Während des Kalten Krieges standen die beiden deutschen Staaten in vielen gesellschaftlichen Bereichen in einem Wettstreit darum, welches System – Sozialismus oder Kapitalismus – technologisch, ökonomisch und politisch das erfolgreichere, friedlichere und gerechtere Gesellschaftsmodell sei. Diese Konkurrenz zog sich durch viele Themen, insbesondere wurde sie jedoch im Bereich der Familienpolitik (Frevert, 2000) und im Bildungs- und Erziehungssystem ausgetragen. Dies führte z.B. zu Gegensätzen in Grundfragen der Bildungspolitik: Während seit dem Beutelsbacher Konsens (1976) in der BRD ein Überwältigungsverbot herrschte, wurde die Praxis in der DDR von der Forschung auch als eine Art „Überwältigungsgebot“ (Mathes, 2022, S. 130) bezeichnet. Dabei wurden Inhalte stark emotionalisiert vermittelt, um die Menschen zu regieren und politisch zu steuern.
Eine wichtige Rolle der konkurrierenden Bildungssysteme spielte auch der Umgang mit dem Nationalsozialismus. So warf die DDR der BRD vor, sich in der Lehrerschaft nicht vom nationalsozialistischen Personal getrennt zu haben, während sie selbst sich mit den sogenannten „Neulehrern“ einen erneuerten Lehrkörper aus jungen, als unbelastet geltenden Personen geschaffen habe. Zudem erhob der Sozialismus in der DDR den Anspruch, anders als die BRD, ihren Schüler*innen die gleichen Bildungschancen unabhängig von sozialer Herkunft und Geschlecht zu bieten (Baader/Koch/Neumann, 2023).
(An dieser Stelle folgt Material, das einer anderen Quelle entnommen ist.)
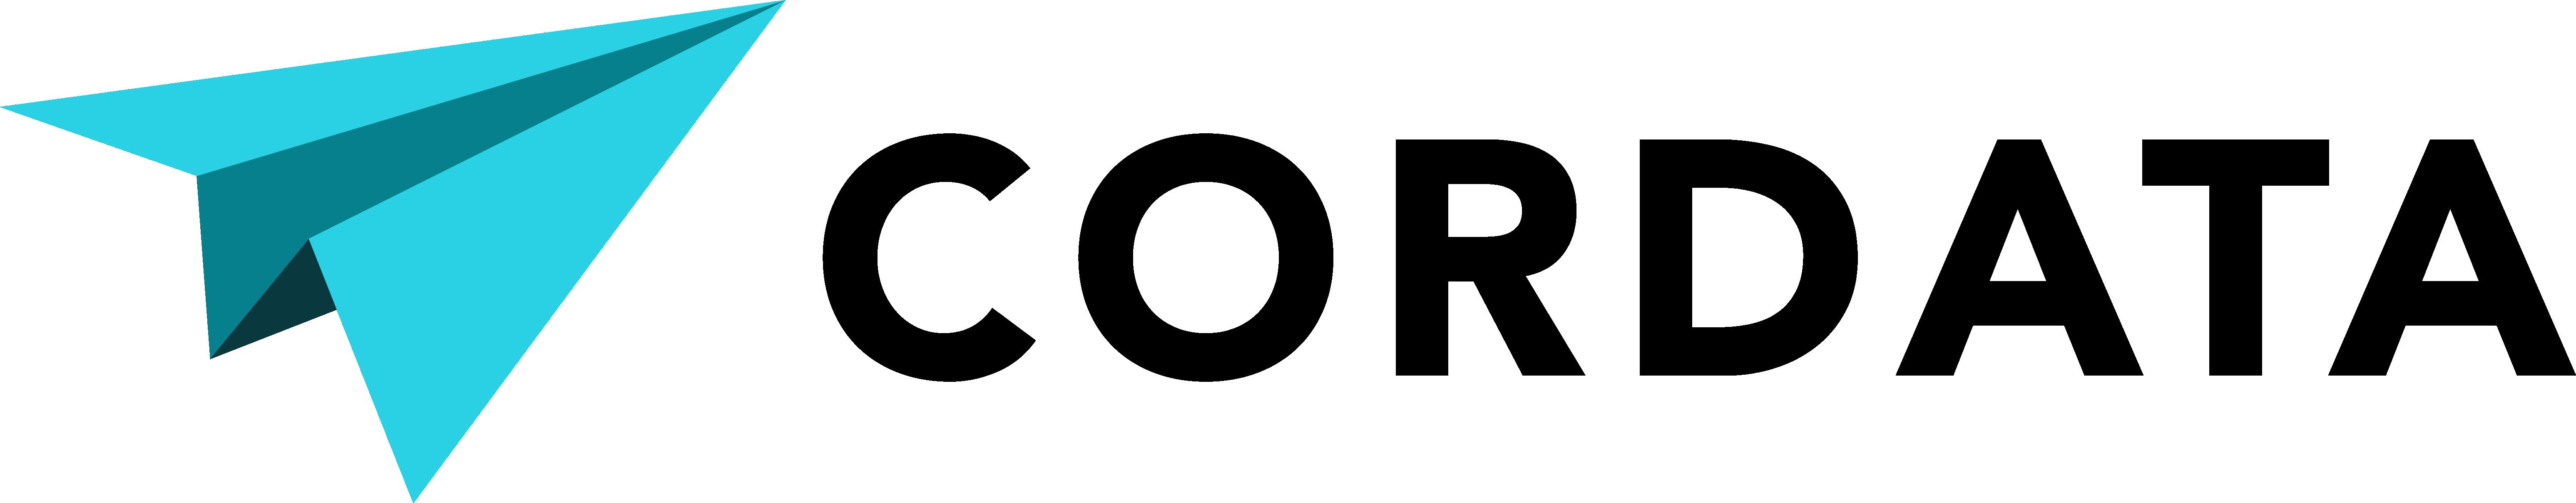 Cordata

Die Erziehungs- und Bildungspolitik der SED und insbesondere die Bildungsministerin Margot Honecker versprachen der Bevölkerung der DDR, nur im Sozialismus könnten Kinder und Jugendliche zu glücklichen Menschen heranwachsen.
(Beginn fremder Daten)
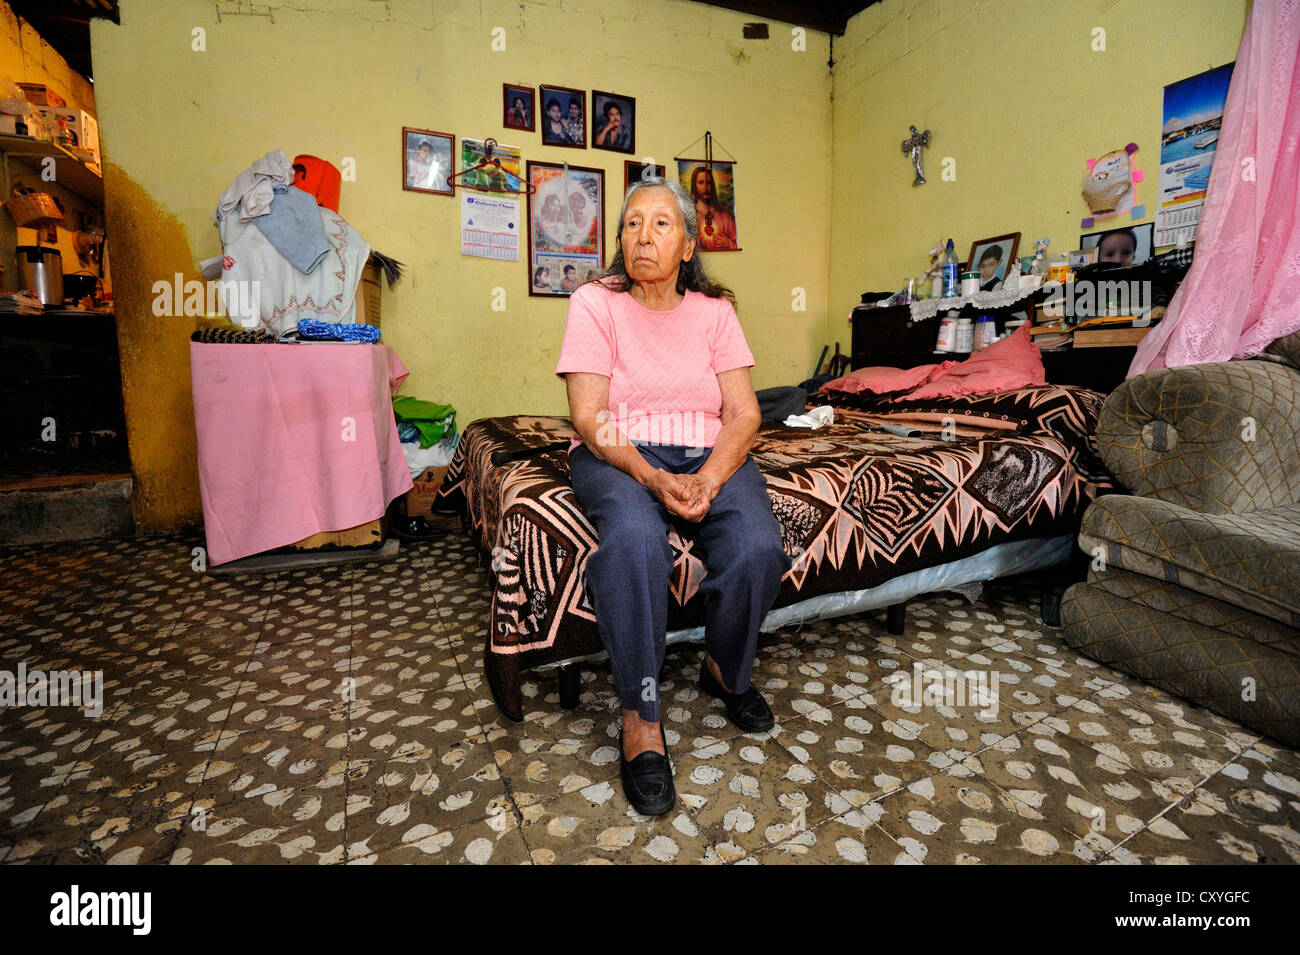 Old woman sitting in her humble apartment, El Esfuerzo slum, Guatemala City, Guatemala, Central America - Stock Image

Im Jahr 1978 führte die Einführung des Wehrunterrichts allerdings zu Unmut bei Bürger*innen und schadete dem Image der DDR als „Friedensstaat“ (Sachse, 2022). Insbesondere aber die Ungerechtigkeit im Bildungssystem, wie beispielsweise fehlende Entfaltungs- und Aufstiegschancen sowie verhinderte Bildungswege, führten zu starker Kritik, die sich in der Friedlichen Revolution äußerte und zum Niedergang der DDR beitrug. Dabei spielte auch eine Rolle, dass es das Erziehungs- und Bildungssystem der DDR seit den frühen 1980er Jahren nicht mehr schaffte, dass sich die Jugendlichen mit dem sozialistischen System identifizierten (Wierling, 2000).
Literatur
Baader, M. S./ Koch, S./ Neumann, F. (2023): Von Soldaten und Lehrerinnen. Geschlechterverhältnisse in Bildungsmedien der DDR. In: Zeitschrift für Pädagogik, Beiheft 69, S. 21–39.
Frevert, U. (2000): Umbruch der Geschlechterverhältnisse? Die 60er Jahre als geschlechterpolitischer Experimentierraum. In: Schildt, A./Siegfried, D./Lammers, C. (Hrsg.): Dynamische Zeiten. Die 60er Jahre in beiden deutschen Gesellschaften. Hamburg: Hans Christians Verlag, S. 624-660.
Mathes, E. (2022): Schulbücher und sonstige Unterrichtsmittel in der DDR. In: Benecke, J. (Hrsg.): Erziehungs- und Bildungsverhältnisse in der DDR. Bad Heilbrunn: Klinkhardt, S. 125-139.
Sachse, C. (2022): Wehrerziehung von Kindern und Jugendlichen in der DDR. In: Benecke, J. (Hrsg.): Erziehungs- und Bildungsverhältnisse in der DDR. Bad Heilbrunn: Klinkhardt, S. 172-189.
Wierling, D. (2000): Erzieher und Erzogene. Zu Generationenprofilen in der DDR der 60er Jahre. In: Schildt, A./Siegfried, D./Lammers, C. (Hrsg.): Dynamische Zeiten. Die 60er Jahre in beiden deutschen Gesellschaften. Hamburg: Hans Christians Verlag, S. 624-641.